Dr Gabriel Scally says a COVID-19 strategy should be about 'dealing with the virus, not reopening things'.
He says public health 'hit squads' need to mobilised to deal with any local clusters that occur.
The public health expert was speaking as ministers start considering how to ease restrictions after the current level five restrictions.
A revised 'living with COVID' plan is being prepared by the Government, and is expected to be published later this month.
However, Dr Scally told The Pat Kenny Show he 'doesn't like the notion' of society living with the virus.
He said: "The notion of living with a dangerous virus that kills and disables… it doesn’t really sit well with me as a public health doctor.
"We don’t talk of living with tuberculosis, diphtheria or measles… we do everything we possibly can to get rid of these things.
“I would really love to see a strategy which talks about beating COVID, getting to Zero Covid, no COVID, or suppression of COVID… those are the sort of things that appeal to me.
"I’d like it to be a strategy for dealing with the virus, not reopening things… it should be driven by the data, not the dates."
Dr Scally said one of the weaknesses across both the UK and Ireland has been a lack of such strategies, with the focus instead on 'plans to get us out of lockdowns'.
However, he said there is now a 'great opportunity' to put in place a plan for the next 6-12 months.
He observed: "We absolutely need some really good thinking to go into how to navigate us through this next difficult period.
“I think we need to be able to mobilise and send in hit squads to deal with this virus anytime we get cases and clusters popping up. But to do that is no mean task… we’ve had a year now to mobilise public health resources at a local level.”

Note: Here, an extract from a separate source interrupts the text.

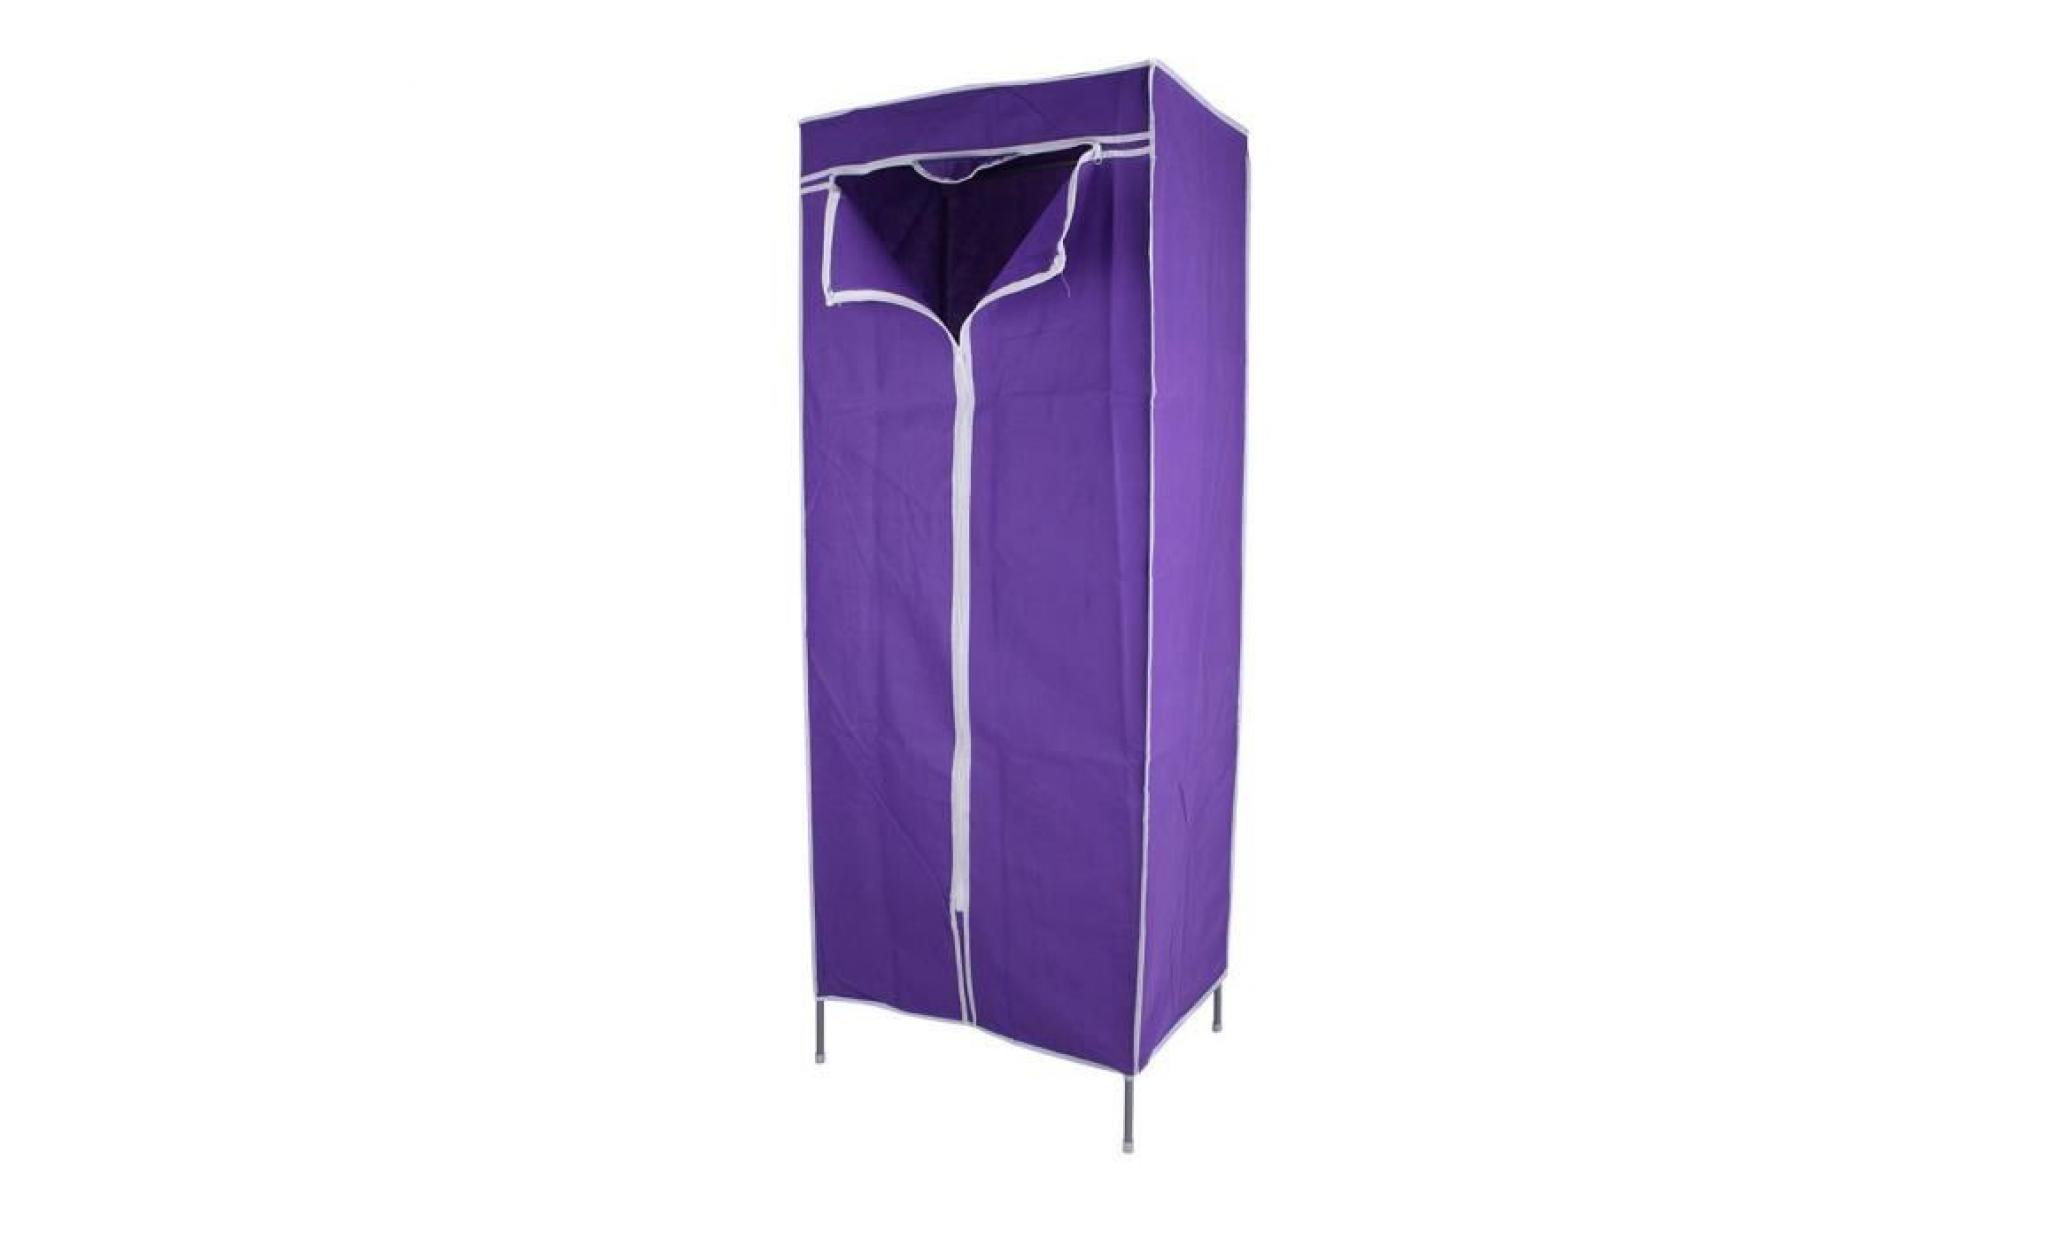 le support accrochant de stockage de rail de garde robe multiple simple de toile étire des meubles à la maison(violet)

He said that public health doctors are ‘extraordinarily important’, and should be ‘brought into the game in a big way’ with all the necessary powers and resources.
He said it's vital to also be able to keep COVID-19 cases low in places that already have 'little or zero' incidence of the virus.
Dr Scally is currently visiting Professor of Public Health at University of Bristol.
It's same city where a coronavirus 'variant of concern' has recently been detected, with over a dozen cases reported to date.
Dr Scally said: “I’m getting my first vaccination tomorrow morning, and I’m very keen to know is it going to be effective against whatever is circulating in Bristol.
“The two things about the variants… you have to get your case numbers down in your own place and country… and you must stop the variants coming in.
"You have to do the two things: doing one is not enough."